There are many variations of LZ78. I think even ACB (
http://encode.su/threads/540-ACB ) could be considered a LZW variation. David Scott has made bijective LZW (although very slow).
I think it's better to invest time into BWT as it's scalable and preprocessing + transformation stage is almost fully decoupled from encoding stage, ie usually changes in first stage (eg changing from LZP to LZ77 preprocessing or switching between BWT and BWTS) does not influence much the performance of encoding stage. IMO any LZ coder with adaptive entropy coding is a messy thing, ie optimizing performance relies too much on tuning and trying ad-hoc combinations of constants as LZ has an inherent information overhead (by allowing multiple encodings of the same input string). On the other hand with static entropy coding it is sometimes feasible to do optimal parsing and then focus on improving speed, thus avoiding spending time on extensive tuning, which will be useless if a customer compresses files with different content than your data corpus.

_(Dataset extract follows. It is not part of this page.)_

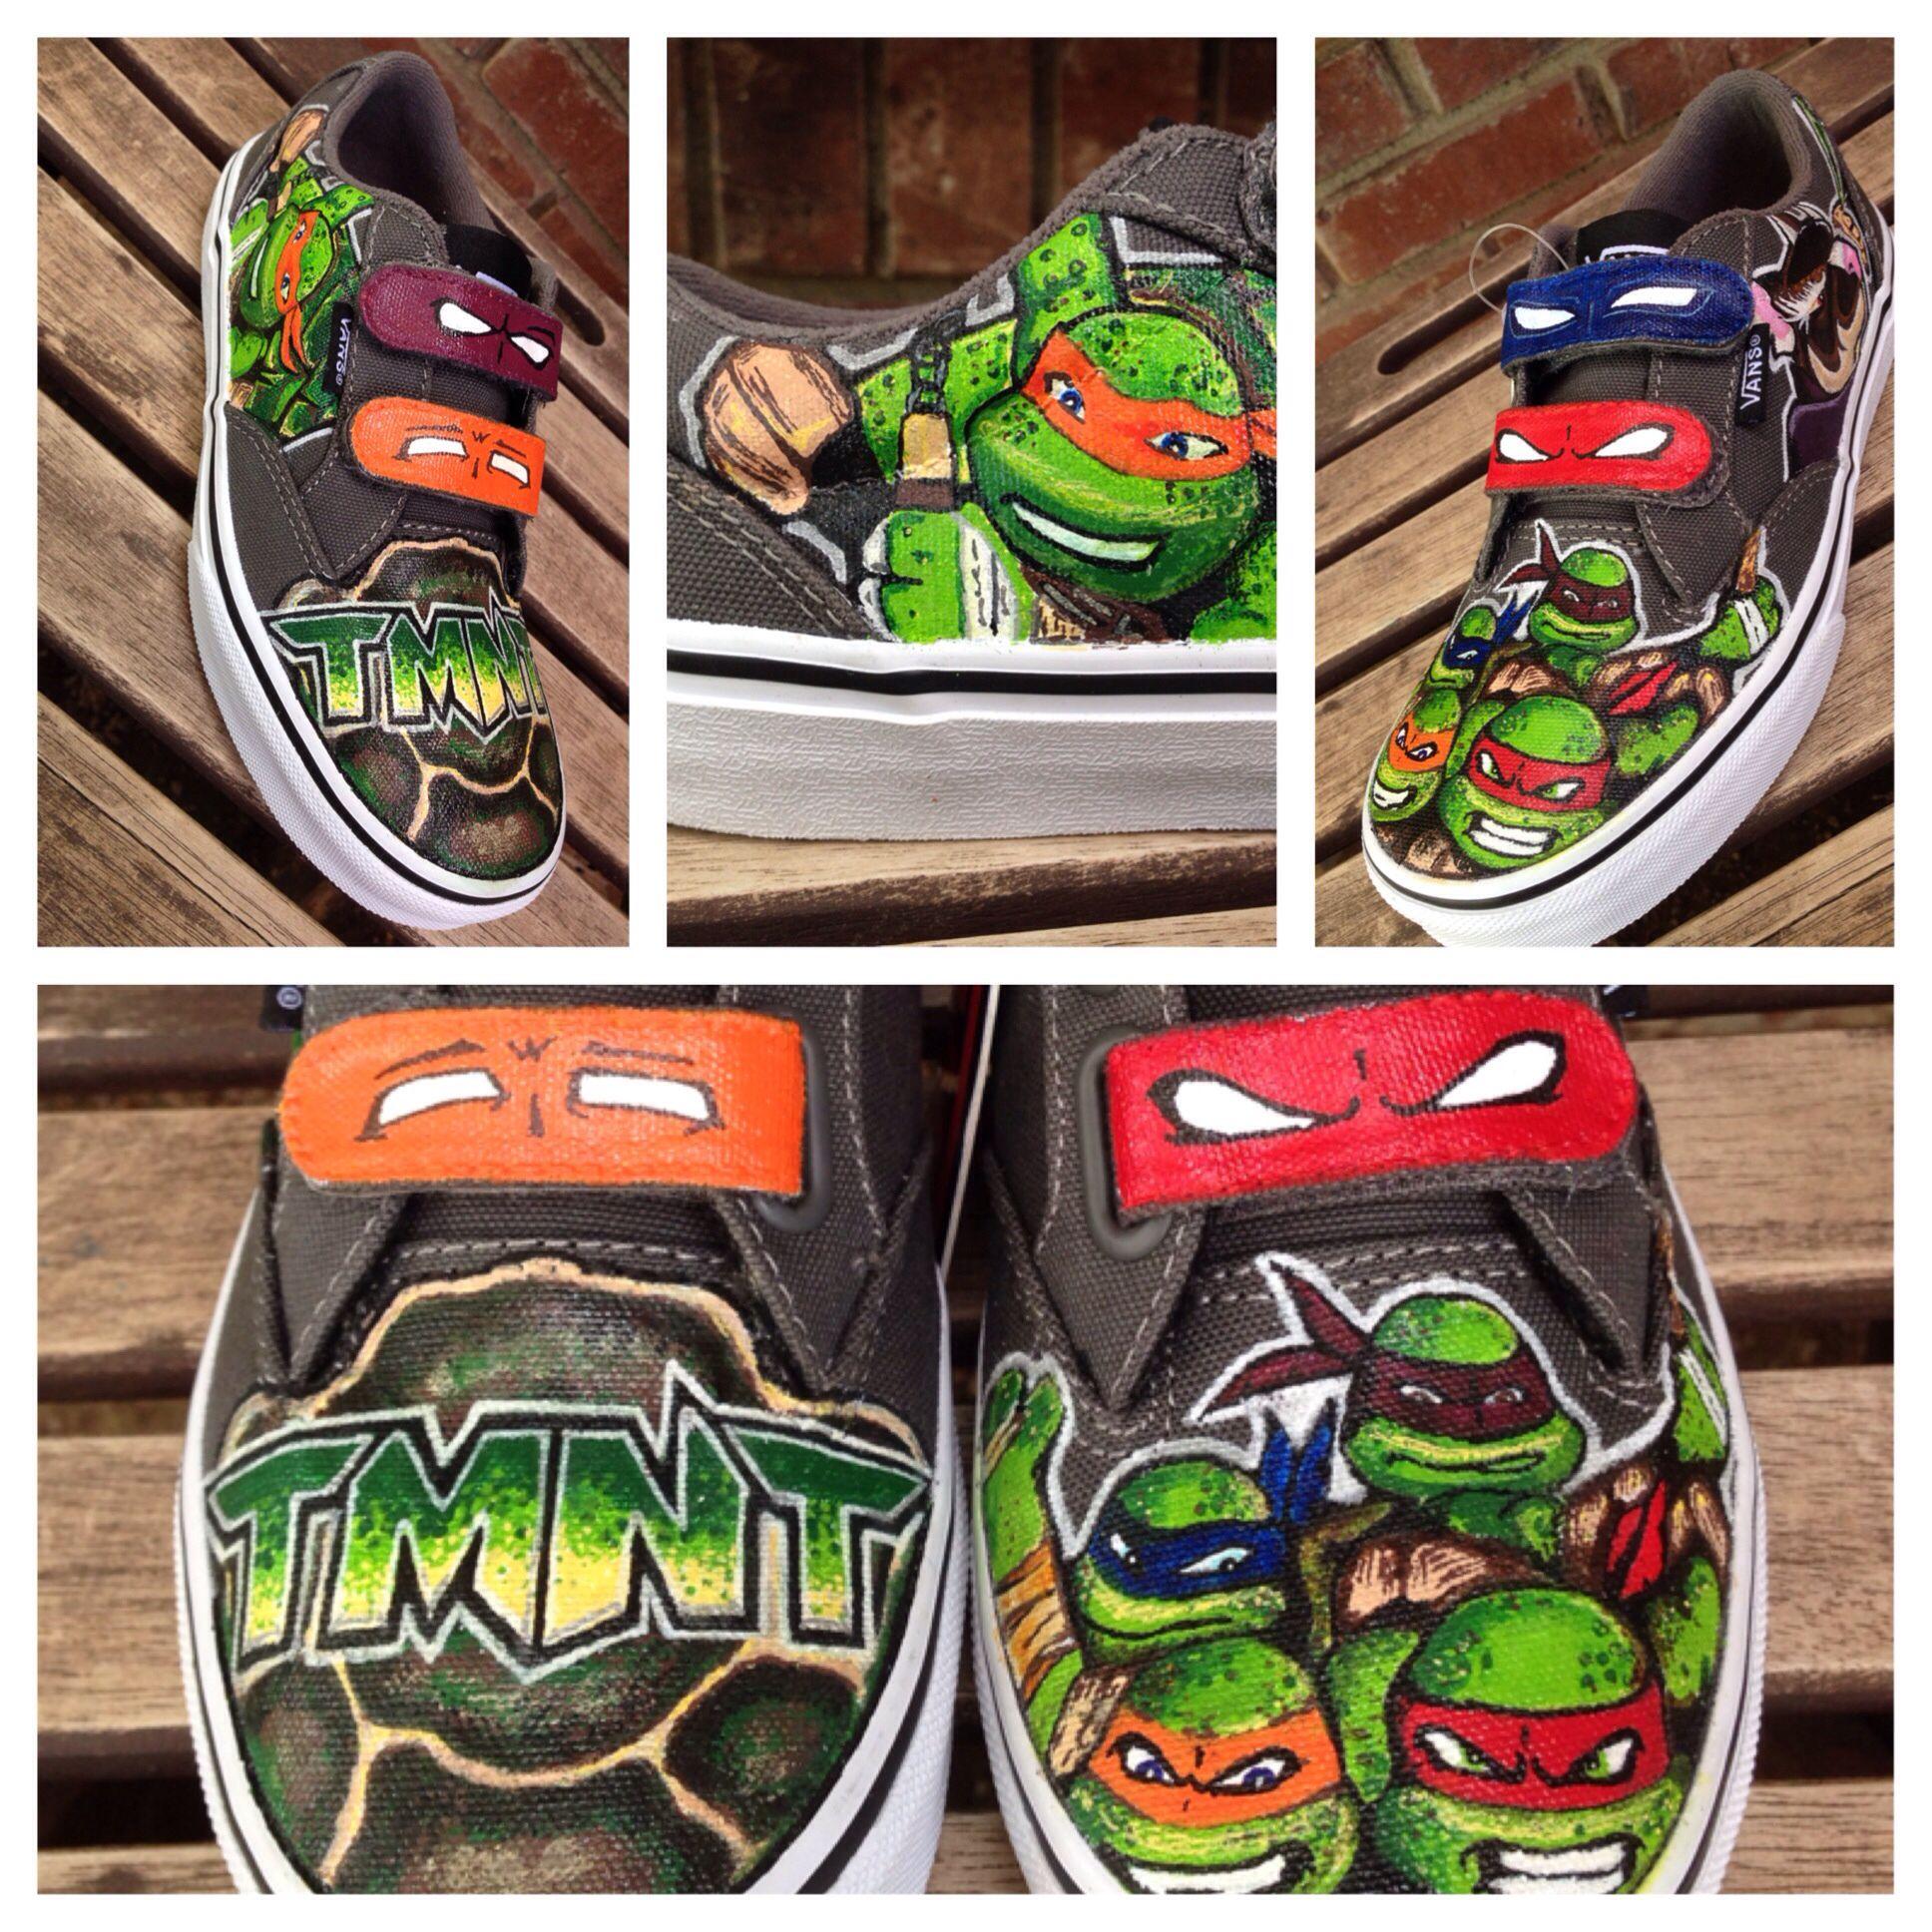 23ffa631b020b5 Custom Teenage Mutant Ninja Turtle vans GS size 2. COWABUNGA DUDE ...

Regarding LZW: I think it is possible to improve the compression, for example by keeping the dictionary sorted. Then you can predict the highest bits of indexes using statistics like in PPM. Additionally you can eg assume higher probability of longer dictionary entries.
Edit:
What about variable length LZW? Ie: usual LZW (from what I know) uses dictionary of size of a power of two (some entries are free during compression) and then uses an integer length bit code to refer to a particular entry. We can use something like prefix(less) codes (Huffman codes are examples of these) that have varying length. Entire dictionary could be organized into a binary tree, with entries in leafs. Each node would keep a probability of selecting left or right children. In fact such scheme would be a good hybrid between PPM and LZW, the advantage over plain PPM is that that hybrid could sometimes encode multiple symbols as one bit (ie before actual encoding) when some edge would correspond to multiple symbols. Did anyone tried such an algorithm? The ability to keep multisymbol edges could be a memory saver compared to PPM. Of course such hybrid would have the disadvantage of having mutiple encodings of the same input string, maybe unless David Scott makes a bijective version.